Great presentation. I've been writing bash for waaaay too long, and, while I nodded and said yup, yup, a few times, I also learned some new tricks, so thank you!

The social graces having been observed, if you were to update this presentation to reflect modern bash, and especially reference variables, what would be your top 3 additions?

(I am a big fan of reference variables. They make it possible to, among other things, do some funky things that would otherwise require liberal use of eval, which I eschew. Figuring out how to ensure that the target of a reference variable was in fact an associative array while running under `set -u` was a trick of which I am proud. Note: what I did works and isn't totally ugly, there may be a better way, YMMV, IANAL, etc.)

Second Q, if you will permit: Given the memory leaks in associative array management that have been corrected over the last several years, what are your thoughts on a) whether or not bash should have ever gone that route, and, potentially more controversially, b) the current state of bash maintenance?
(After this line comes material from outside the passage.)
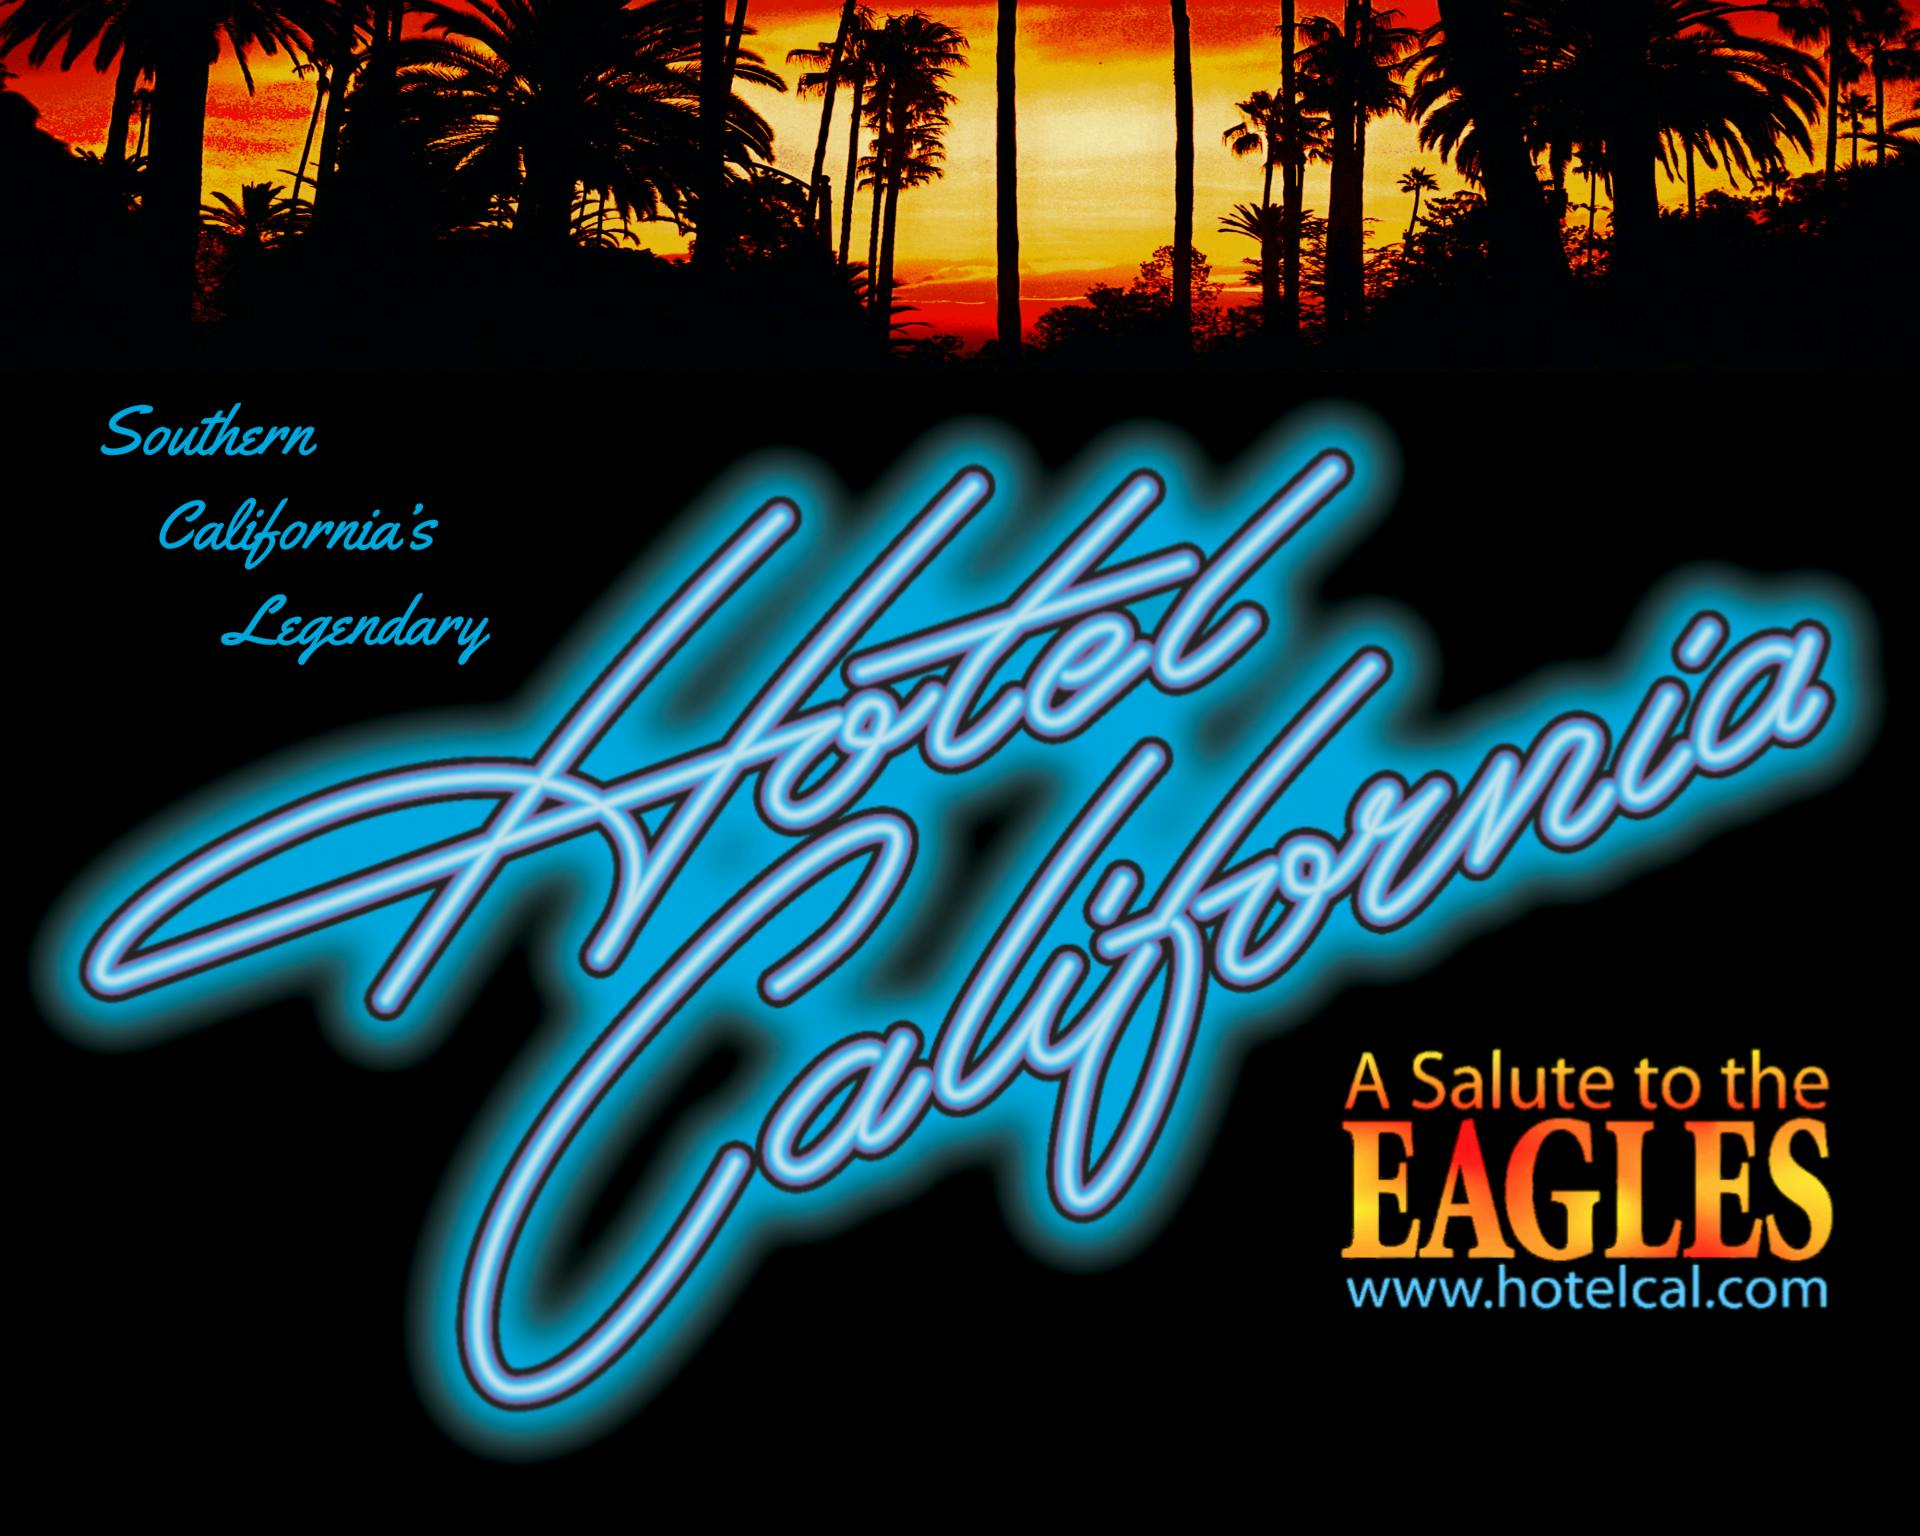 RIVERS CASINO PORTSMOUTH HOSTS LIVE PERFORMANCE OF HOTEL CALIFORNIA “A SALUTE TO THE EAGLES” ON SEPT. 13, 2024

(I'm not going to ask about embedding multiple levels of ${...#...} or ${...#...}, because even if it worked, readability would tend to 0 very, very quickly. I'd rather be repetitive and readable and maintainable. Well. Most of the time.)

I switched to zsh so I have not been paying attention to bash so I don't have a top three things to add. I just add things as I stumble on them.

Thanks for the tip on reference variables. definitely better than eval. i will add that to the presentation.

I will look into using set -u and what I can do with that and add it to the presentation. Perhaps make a companion presentation on debugging bash.

Another good presentation would be on how to use bash safely with sudo. I have a sudo presentation that is pretty good for it is for sudo 1.7 and the current version is 1.9 so I would need to update it before giving it.

I have not used associative arrays in bash. I would probably tend to use python if i needed that capability so I am not likely to use aa in bash soon.

Regarding nesting levels of self modifying variables: Yeah, I tried to do it once and failed and did not try to figure out any tricks to get it to work. I just moved to multiline which is easier to debug and comment on for the poor bastard that has to fix my code.